Оружие Возмездия — страница 45 из 53

Увы, идиллия продолжалась недолго. Уже на второй день моих физических упражнений появился капитан Петровский и сказал:

— Бросай лопату.

— Это как понимать?

— Два безруких придурка не могут покрасить коридор в штабе. Работы на три дня, по такой жаре краска сохнет моментально, а они тормозят. Иди, возглавь их, организуй, и как покрасите, сразу уедете. У них тоже аккорд.

Я грустно оглядел свою канаву.

— Вообще-то мне и тут хорошо.

— Ты матерый сержантище, вздрючь этих чмошников, что тебе, сложно?! — почти взмолился Петровский. — Они такой срач в штабе развели, пройти невозможно. Если это продлится неделю, я помру. А они ведь могут и дольше проваландаться, студенты-интеллигенты, мля…

Ругаться с Петровским я не хотел, да и чисто по-человечески у нас отношения не те были. Не заслужил он, чтобы его посылали.

— Кто работу принимать будет?

— Сиротин.

— У-у… — я снова взял лопату.

— Понял, — кивнул Петровский и, не говоря больше ни слова, ушел.

Только я собрался обедать, в парк семенящей походкой вбежал майор Сиротин, сам маленький, фуражка большая, мухомор эдакий. И сразу направился ко мне.

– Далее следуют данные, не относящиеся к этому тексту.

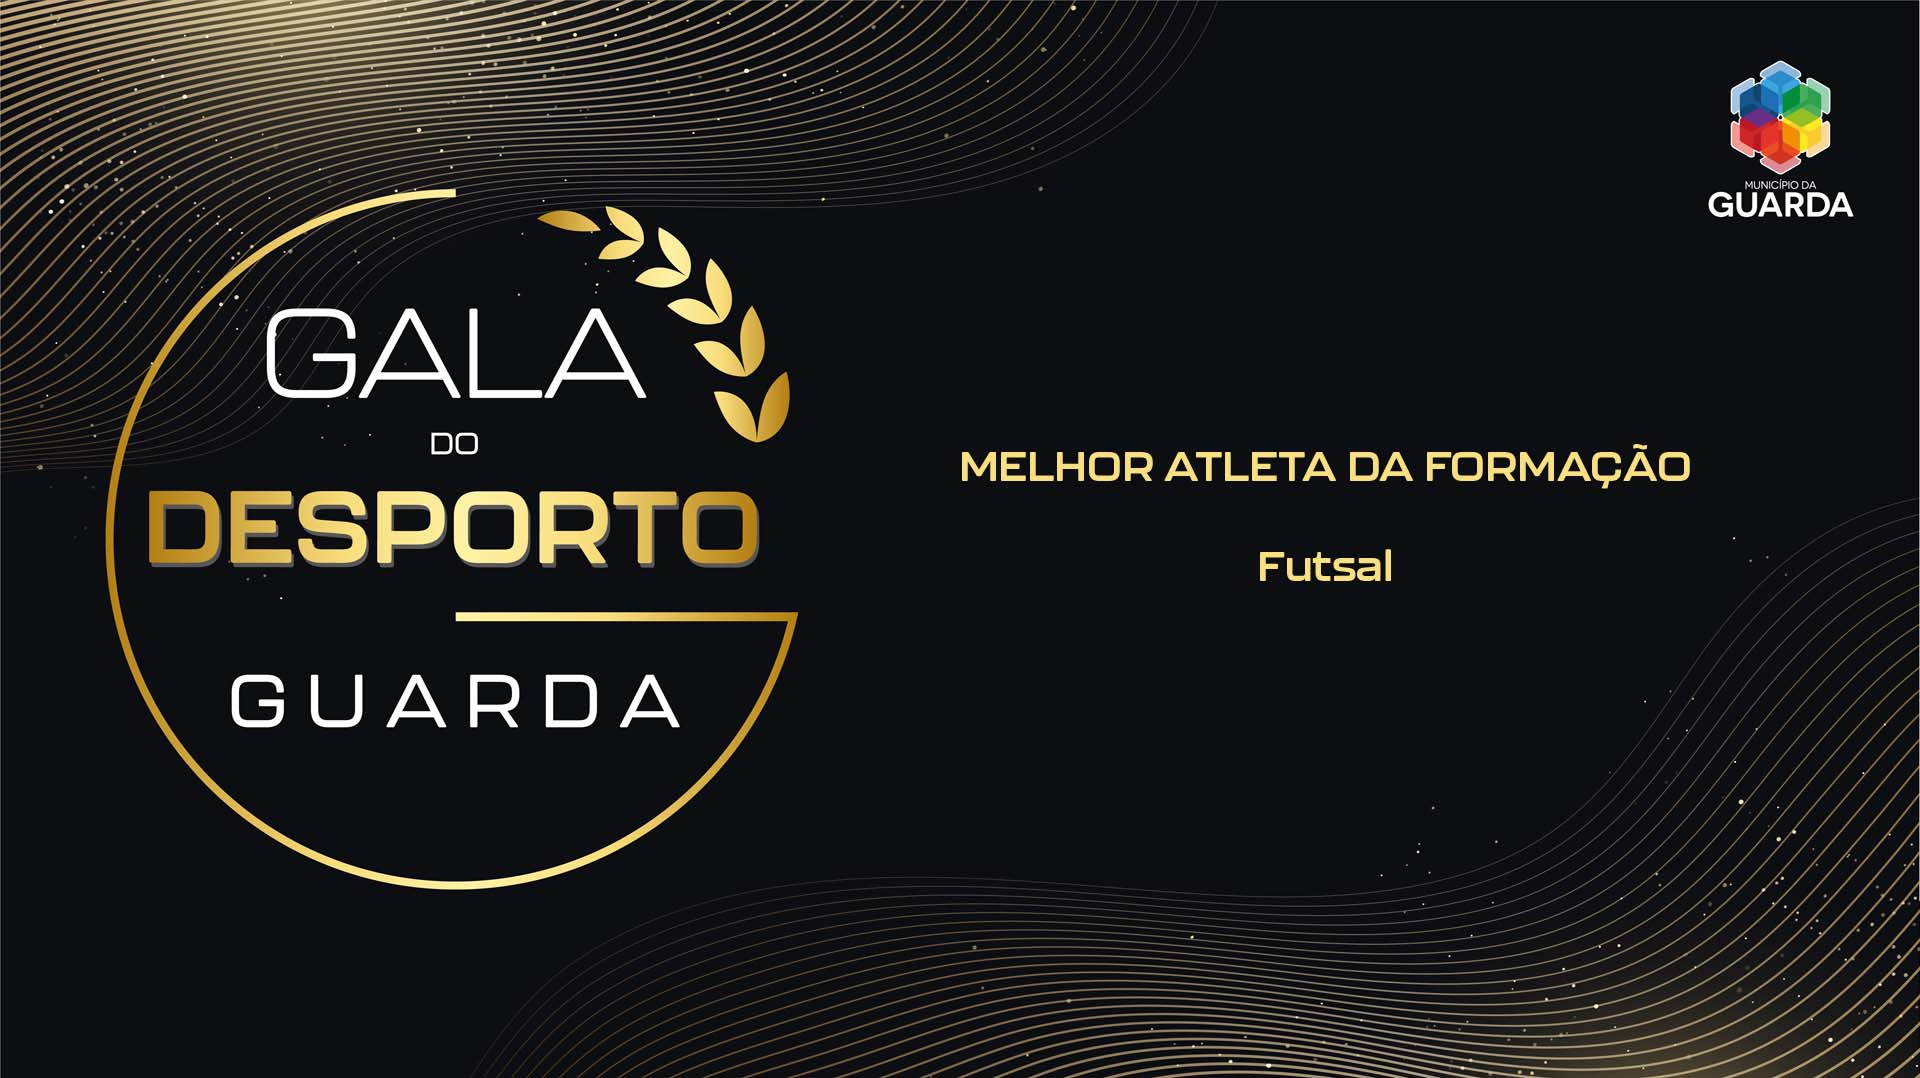 Imagem: MELHOR ATLETA DA FORMAÇÃO - Futsal

— Как служба войск? — поинтересовался он.

— Мои люди ремонтируют казарму, сам занят прокладкой коммуникаций связи, — хмуро доложил я.

— Отставить прокладку, товарищ сержант. После обеда приходите в штаб. Там надо организовать покраску. Сразу по окончании — увольнение в запас.

Я состроил такую кислую мину, что даже Сиротина проняло.

— Двое безруких не могут починить пульверизатор, — объяснил он. — Размыли потолок и застряли. В штабе все развалено, невозможно нести службу. Заставьте их работать, и как только покрасите, я вас уволю. Давайте, сержант, давайте быстренько!

Я тяжело вздохнул.

— Что конкретно надо сделать?

— Побелить потолок, выкрасить стены, двери и пол. Работы на три дня. Краска есть. Известку для побелки возьмете на заводе.

— Украдем на заводе, — поправил я, оглядываясь на домостроительный комбинат, виднеющийся из-за забора.

— Нет, возьмете! — Сиротин гордо напыжился. — Я договорился.

— Спасибо, товарищ майор. Разрешите вопрос? Если эти двое, как вы говорите, безрукие, нельзя ли их заменить? Я бы взял Лычева с Рабиновичем из четвертого дивизиона. И будет вам не штаб, а конфетка.

Майор так замотал головой, что едва не свалилась фуражка.

— У них свой фронт работ в казарме, — сказал Сиротин твердо. — Они бы и сами в штабе справились, без вашего руководства.

Нет, он все-таки не совсем дурак, подумал я.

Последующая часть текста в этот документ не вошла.